# S4 - Samsung Galaxy



## Shahzal (Jan 1, 2011)

Hello! 

Basically I have a few queries related to the smartphone that I use, which is the Samsung Galaxy S4 - i9500 - Android 4.4.2

What happened recently is that my phone fell and the lcd smashed/broke, and now I have to get it replaced, so, in the meantime there is some data in there that I need, like texts, notes, contacts and some other stuff as well so, I wanted to know whether it would be possible for me to connect my smartphone through usb cable, and then use it on my laptop (OS : Windows 7), as in if there was some app/software/some kind of connection that would enable me to use the phone virtually as in the screen would come on my laptop through the app or some software or 'xyz' method, and so I can recover the data, as in the relevant text messages that I need to see and stuff which are not exactly in the storage devices.

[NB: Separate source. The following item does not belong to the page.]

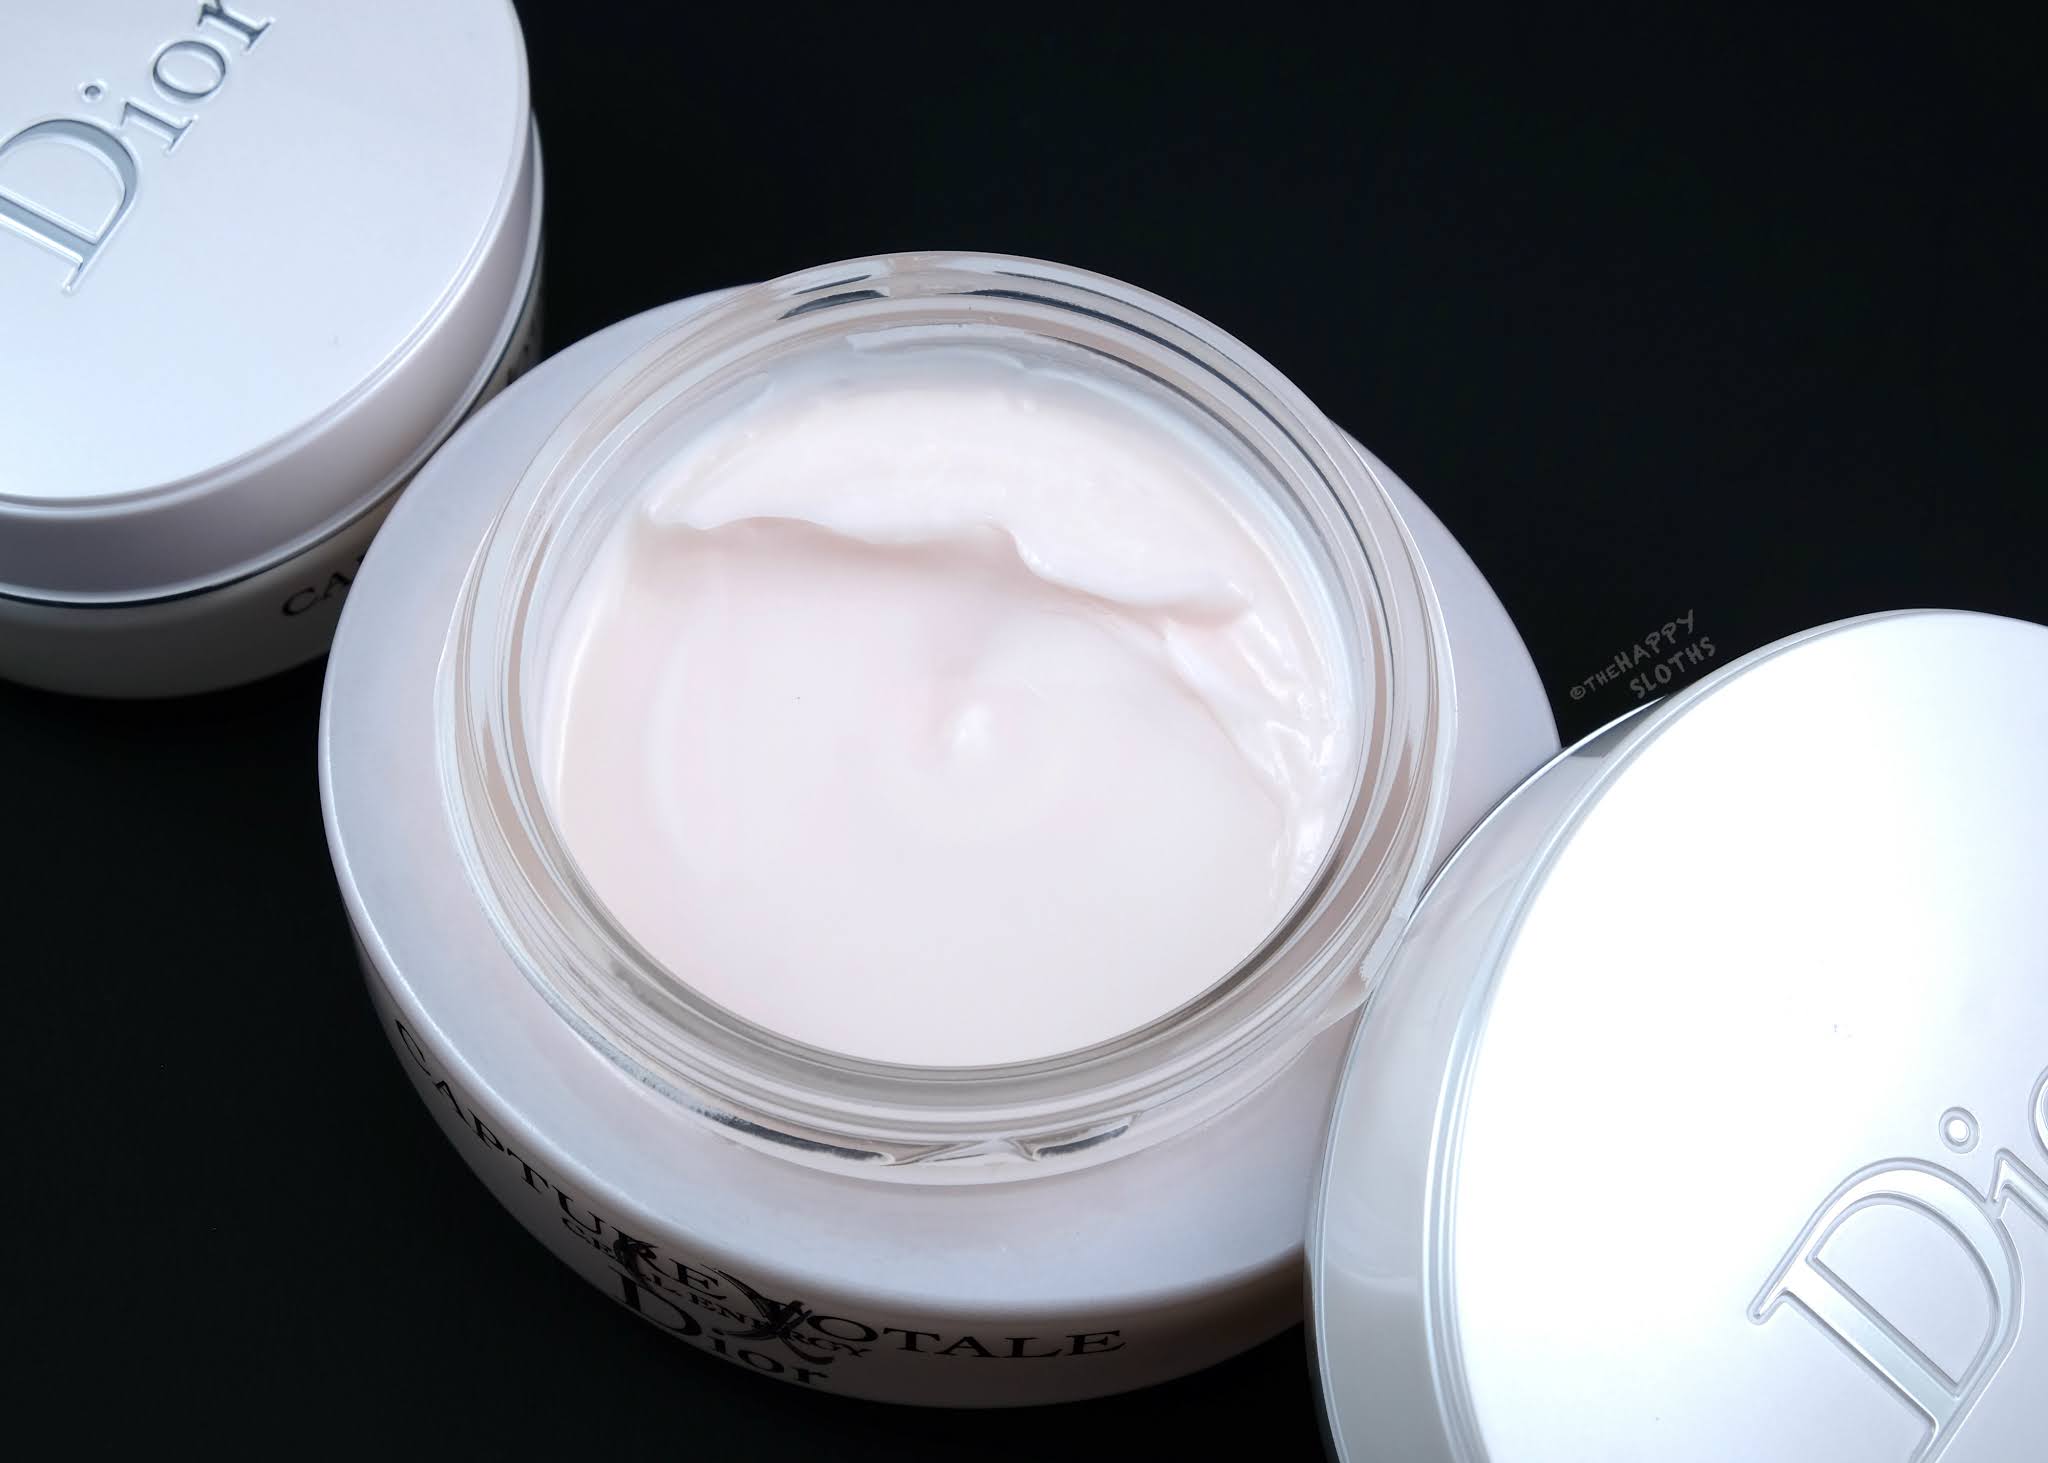 dior anti aging cream review

So 1. Would that be possible? To use my smartphone through my laptop through some software, like for ex how we use teamviewer which is via remote connection or some kind of emulator, like PS2 emulator for PC. 
But the problem here is that since the lcd is broken, the phone will turn on, I will get signals, but I can't see or touch or use any options like bluetooth or wifi hence; I can only connect it via usb cable.

2. Is it worth getting the LCD replaced with a new one or refurbished one, and how much should it cost me? And can I order it online? 

Awaiting your reply! Much thanks & best regards!


----------



## Masterchiefxx17 (Feb 27, 2010)

First, does the phone at all show up when you connect it to the PC?


----------



## Shahzal (Jan 1, 2011)

yes if I connect it to my laptop via the cable, device does show up on my computer as a drive.


----------



## Masterchiefxx17 (Feb 27, 2010)

Then you should be able to use Android Recovery software on Windows to pull any data you may need.


----------



## Shahzal (Jan 1, 2011)

Masterchiefxx17 said:


> Then you should be able to use Android Recovery software on Windows to pull any data you may need.


how about if I want to use some android emulator so that the smartphone can be used? like it appears on my screen? is that possible?


----------



## Masterchiefxx17 (Feb 27, 2010)

Yes, but it would require interaction from the phone.


----------



## Shahzal (Jan 1, 2011)

Masterchiefxx17 said:


> Yes, but it would require interaction from the phone.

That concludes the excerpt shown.